Individuals who report Roth revenues on their 2010 return might have elevated Medicare Part B fees in 2012; if the income is spread over 2011 and 2012, the Medicare sting won't be felt until 2013 and 2014.

Even if the individual pays a larger Part B surcharge for a year or two, the conversion could help them avert higher premiums they would pay into the future when they begin taking requisite distributions from their IRAs after age 70½, states Mary Alpers, a Monument, Colo.-based fee-only financial planner and enrolled agent, which means she can speak for purchasers before the Internal Revenue Service.

"Each person has a unique situation," states Ms. Alpers, who is additionally a member of the National Association of Personal Financial Advisors, a fee-only collection, several of whom have expertise with taxes and Social Security. She also will help customers figure out if it is a good suggestion to convert toward a Roth before becoming eligible for Medicare. "Since they look two years back for Medicare rates, prior to age 63 is a perfect time to obtain any Roth conversions or other unexpected income," Ms. Alpers says.

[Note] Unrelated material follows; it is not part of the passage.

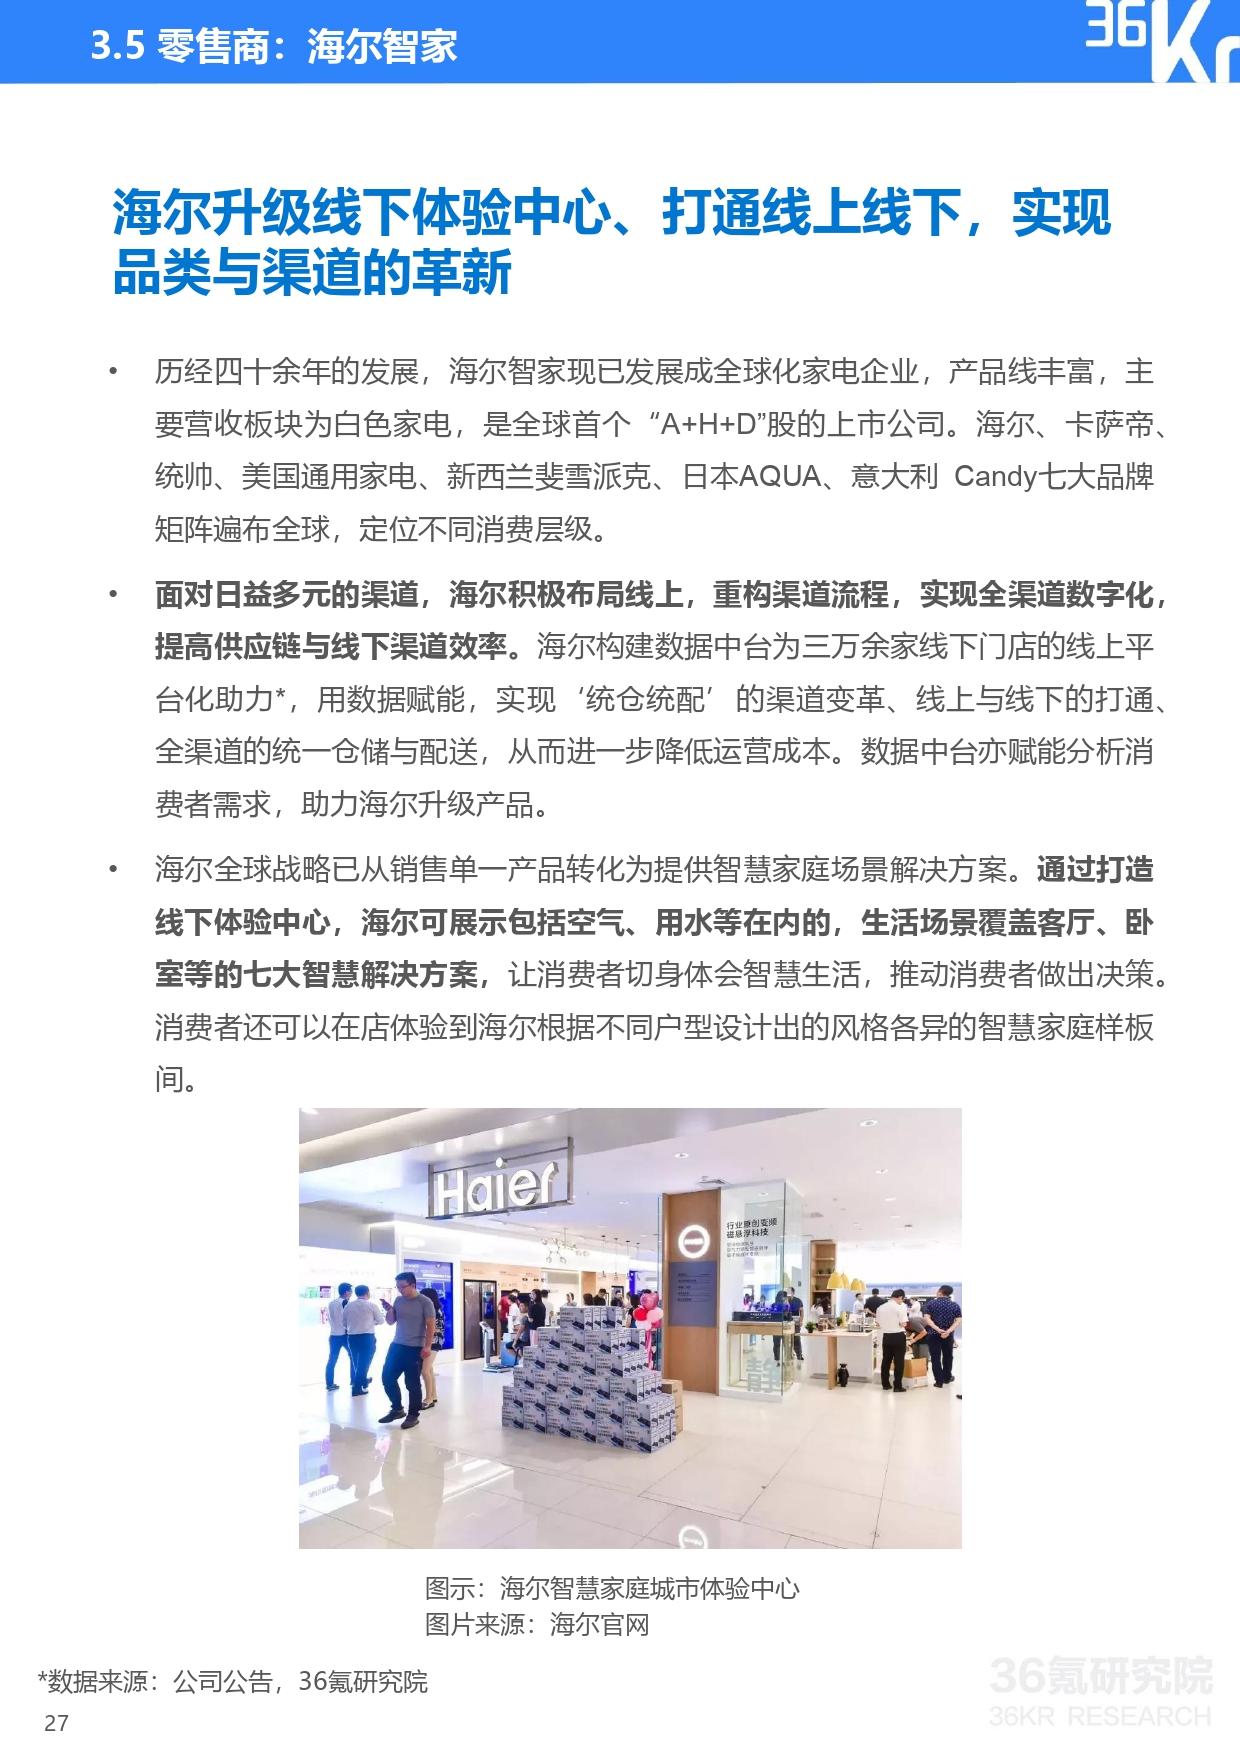 36氪研究院 | 2021年中国零售OMO研究报告

Many retirees additionally do not comprehend that an otherwise reasonable investment decision can erase 1000's of dollars thru taxes on Social Security benefits.

Jim Mansfield, a retired director of admissions for the University of Wyoming, was considering making a withdrawal from his individual retirement savings account to pay off his mortgage. However his financial adviser-Denise D. Smith, a fee-only adviser in Salt Lake City-evaluated the impact on his Social Security benefits and discovered the effort would do more harm than good.

"Even a relatively tiny spike in earnings can virtually double federal income taxes paid on Social Security benefits," Ms. Smith says.

If Mr. Mansfield, 73 years old, withdrew an extra $10,000 from his IRA, it would have driven his earnings high enough that 85% of his Social Security benefits would be taxed. At his 25% marginal fee , that would have cost the Spokane, Wash., resident an extra $2,125 in income tax.

The total federal tax bill for Mr. Mansfield's IRA withdrawal: $4,625, says Ms. Smith.

In most cases, Social Security benefits aren't taxed when income is less than $25,000 for singles and $32,000 for couples, but as much as 85% is assessable when incomes attain $34,000 and $44,000, respectively.

"Consumers doing it on their own or investment advisers not skilled in tax planning possibly will not be aware of the tax implications of Social Security and Medicare Part B," states Kevin Young, a fee-only financial adviser and enrolled agent in Davis, Calif.

But the impact can be mitigated with appropriate preparation, such as offsetting gains with losses. And even if that is not feasible, "it's many times more effective to bite the bullet" and pay the higher Medicare Part B premiums for a year, Mr. Young says.

The Social Security Administration will adjust the premiums down when a recipient's income falls. Persons with unique situations, such as a death, divorce or employment loss, can request that a mid-year adjustment in their rates. The Social Security internet site (www.ssa.gov) has particulars.

It pays to keep current: Commencing in 2013, there will be a new 3.8% Medicare levy on investment profits that exceeds $200,000 for singles and $250,000 for couples.